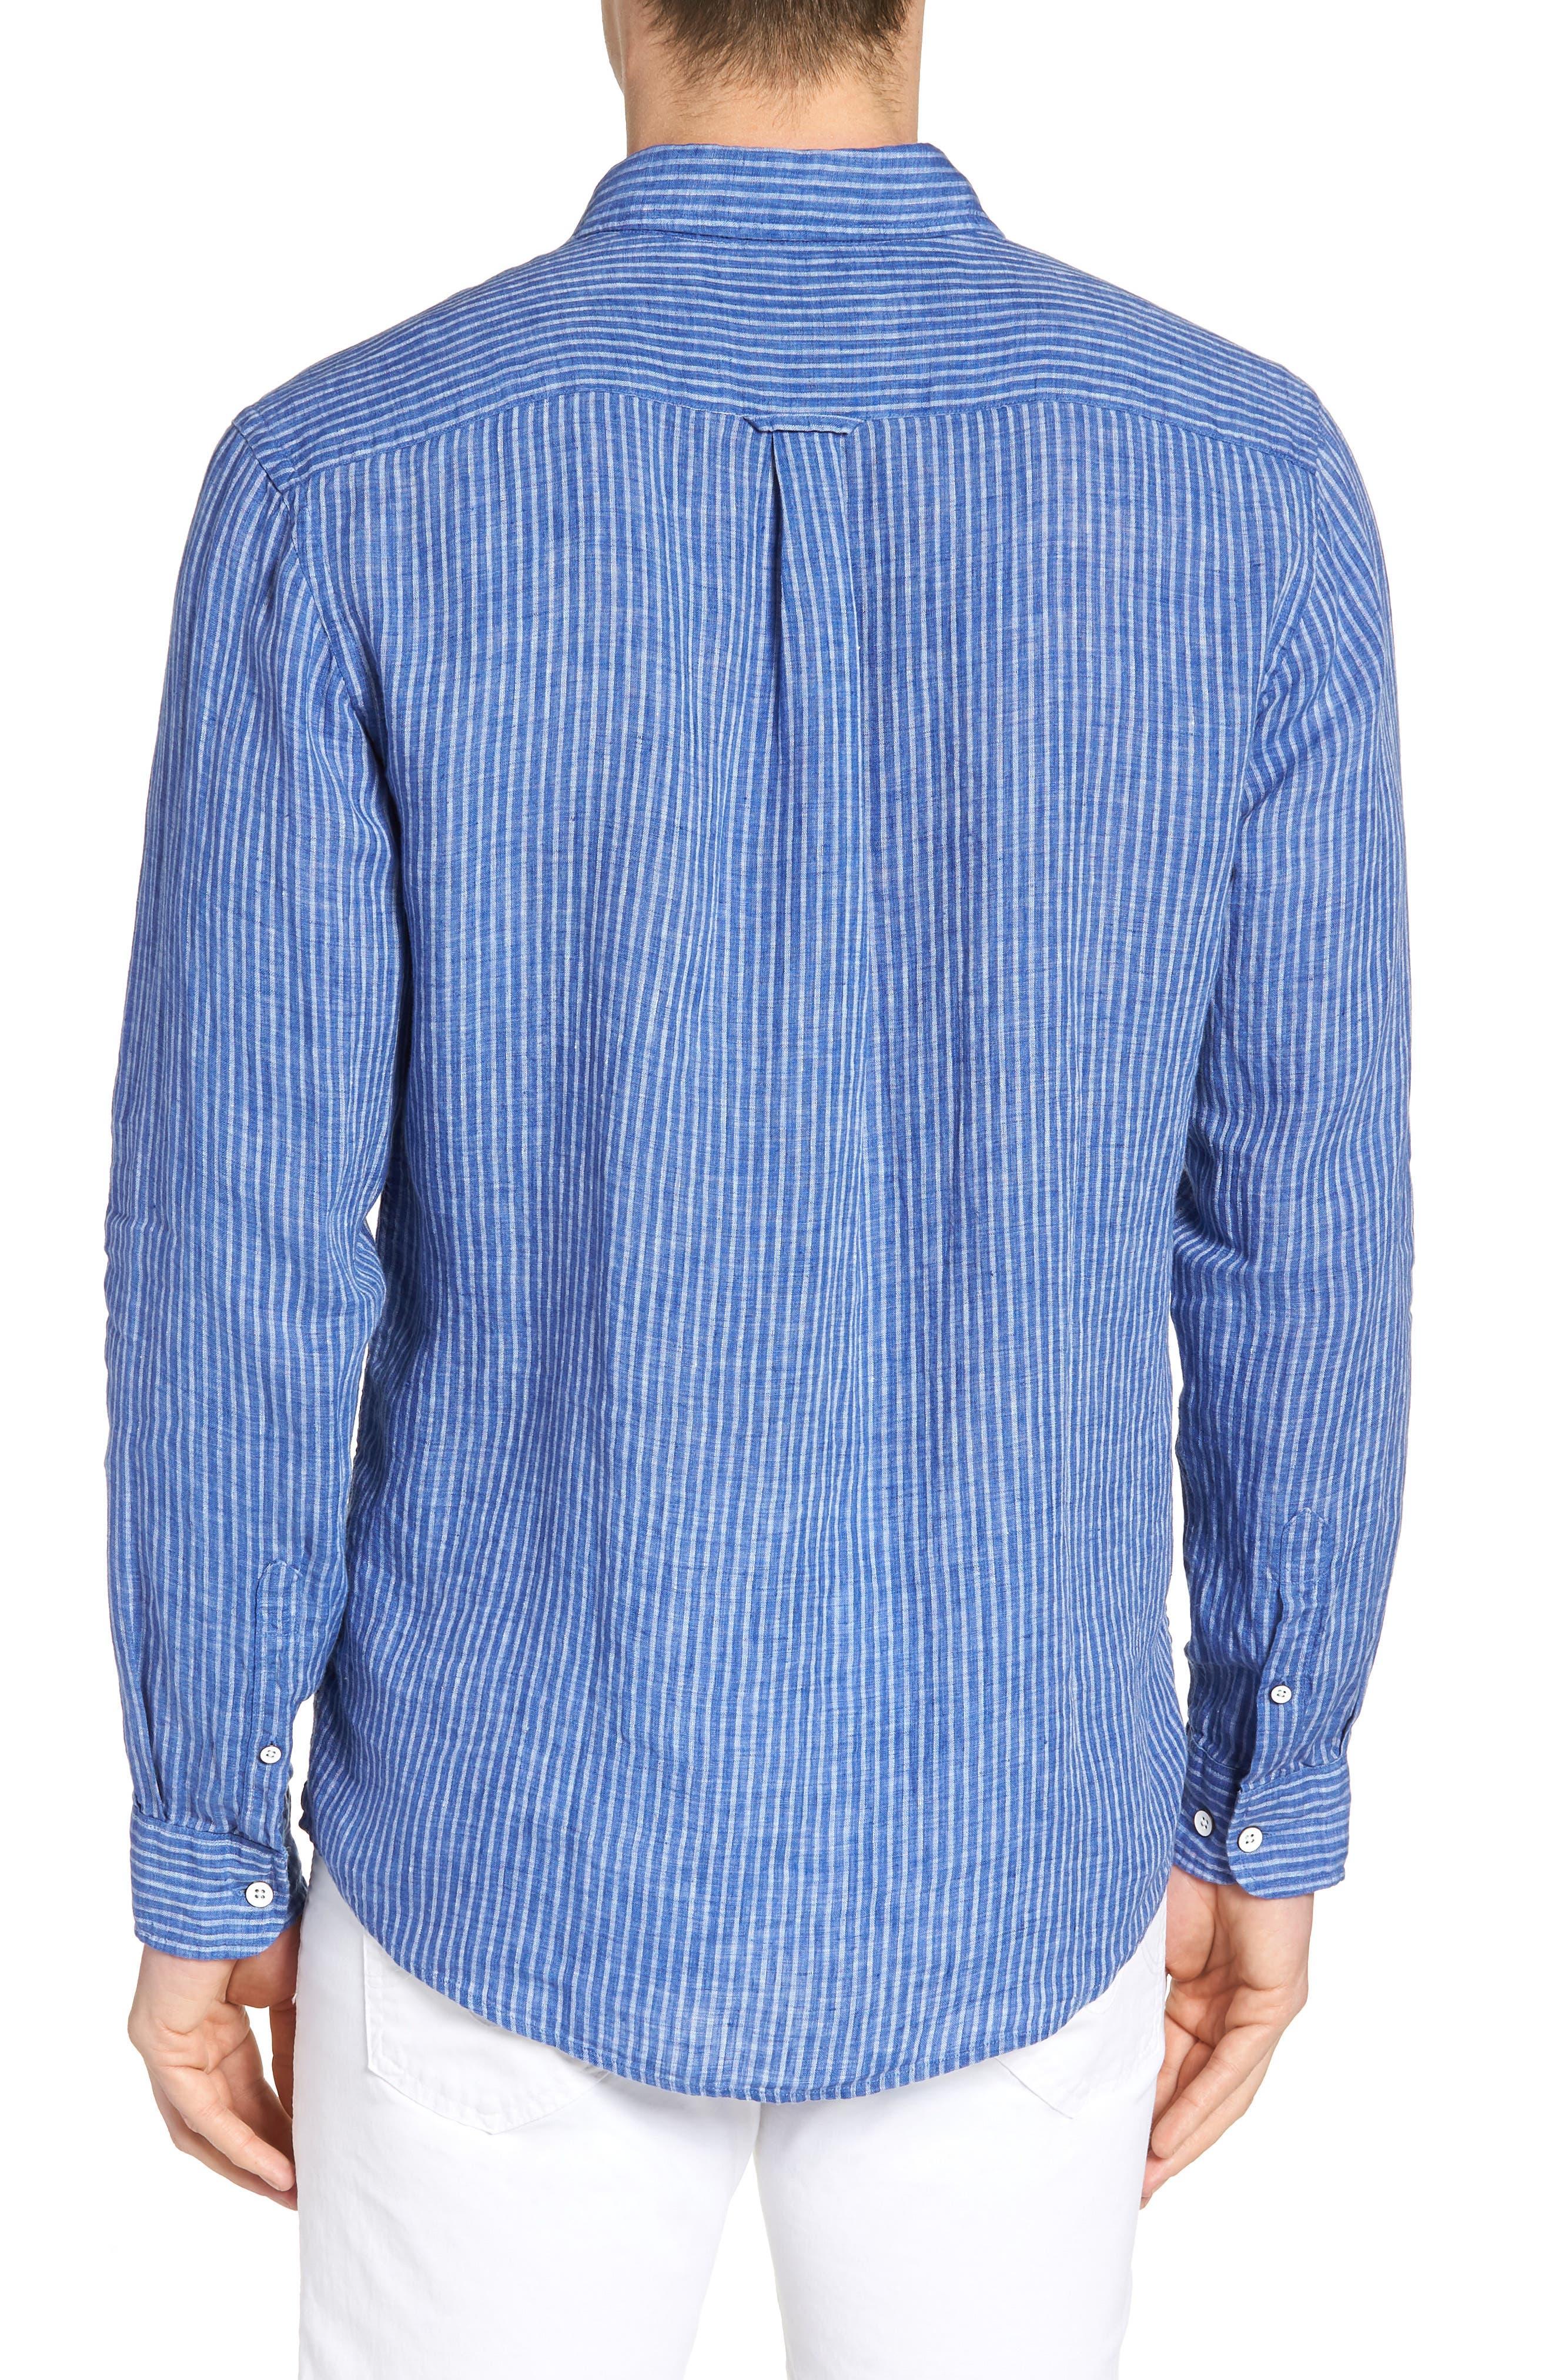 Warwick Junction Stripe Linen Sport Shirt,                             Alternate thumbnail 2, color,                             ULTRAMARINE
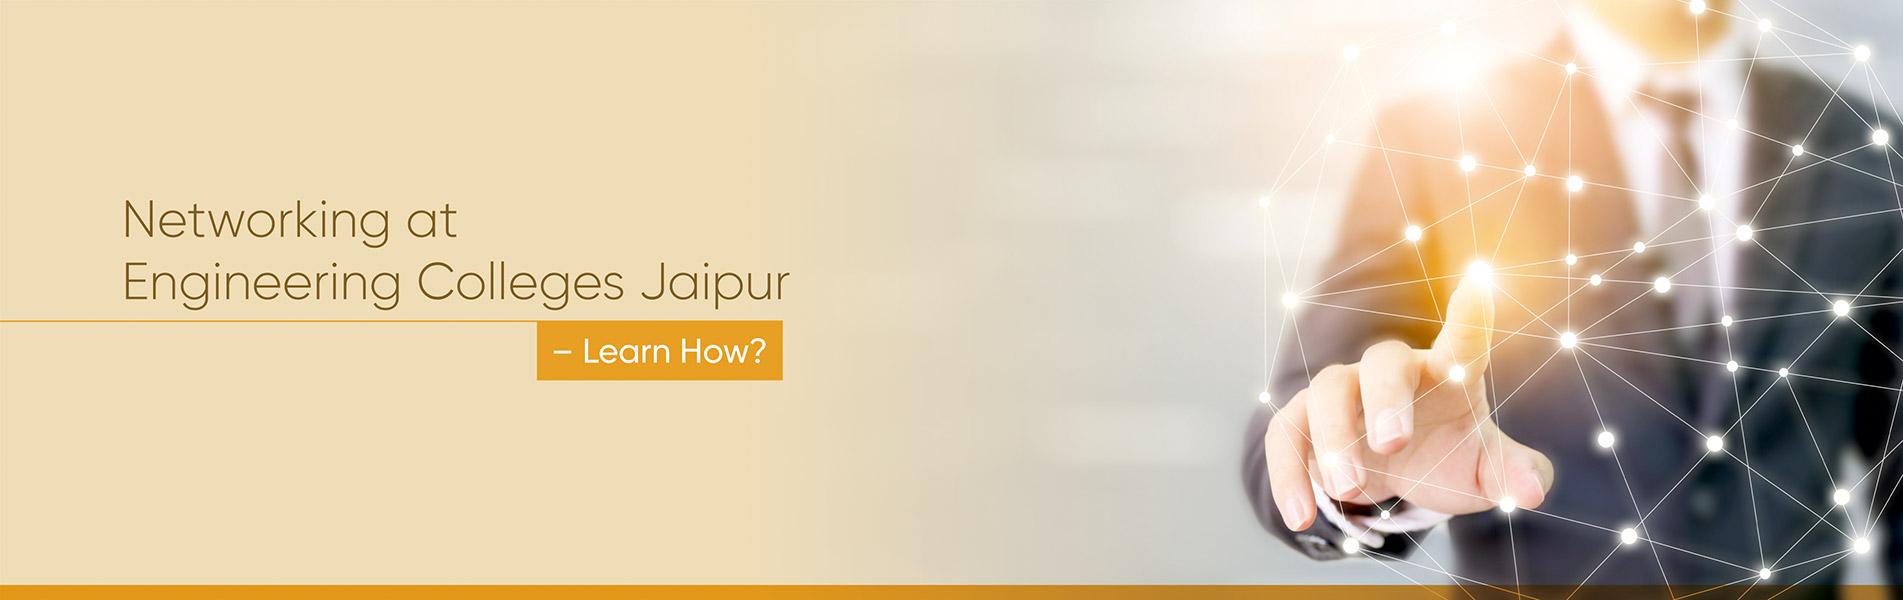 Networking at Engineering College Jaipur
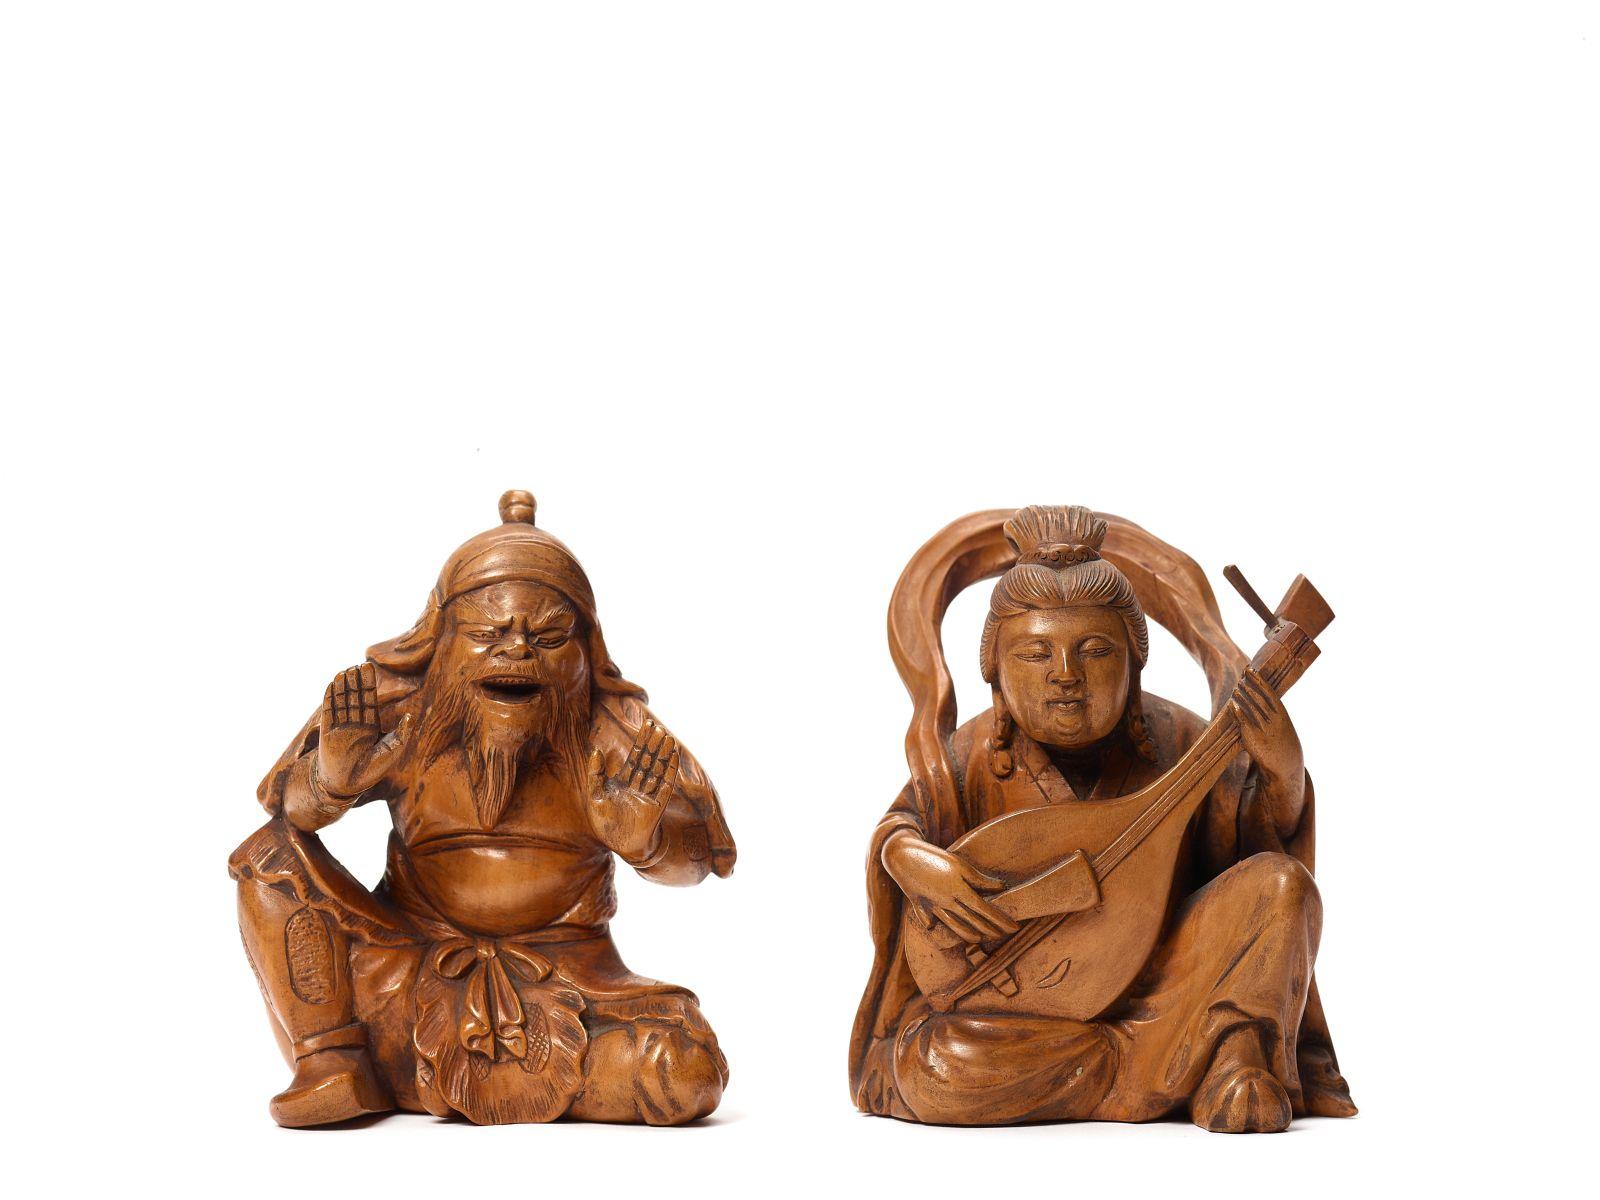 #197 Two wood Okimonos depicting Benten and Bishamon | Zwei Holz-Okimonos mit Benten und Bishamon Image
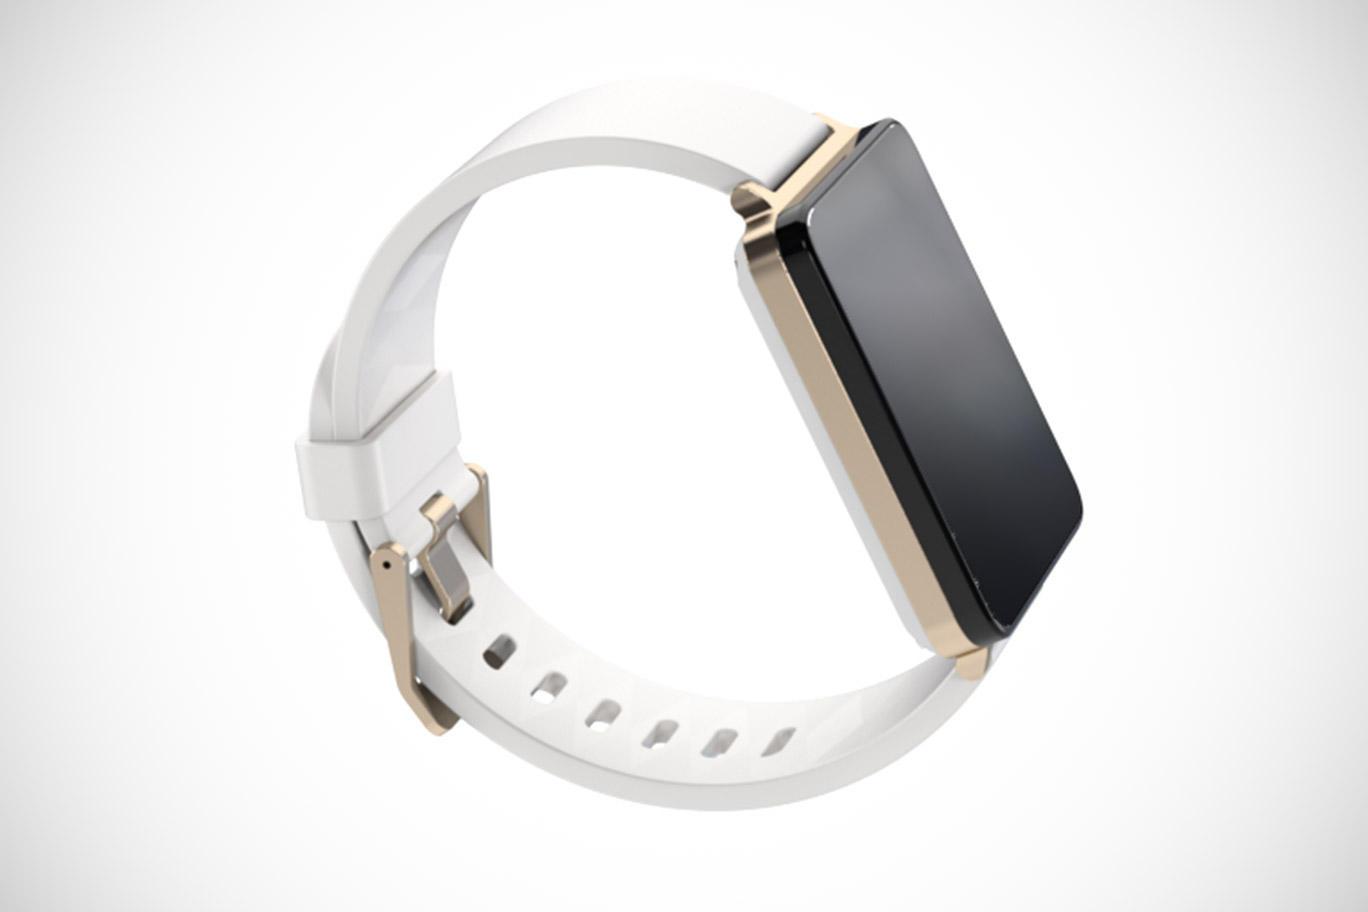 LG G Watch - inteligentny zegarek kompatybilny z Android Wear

What is needed:
Please return the lines from the line with "Networking at Engineering College Jaipur" through the last line of the data, both included, exactly, and without pictures.

Final answer:
 Networking at Engineering College Jaipur
 #197 Two wood Okimonos depicting Benten and Bishamon | Zwei Holz-Okimonos mit Benten und Bishamon Image
 LG G Watch - inteligentny zegarek kompatybilny z Android Wear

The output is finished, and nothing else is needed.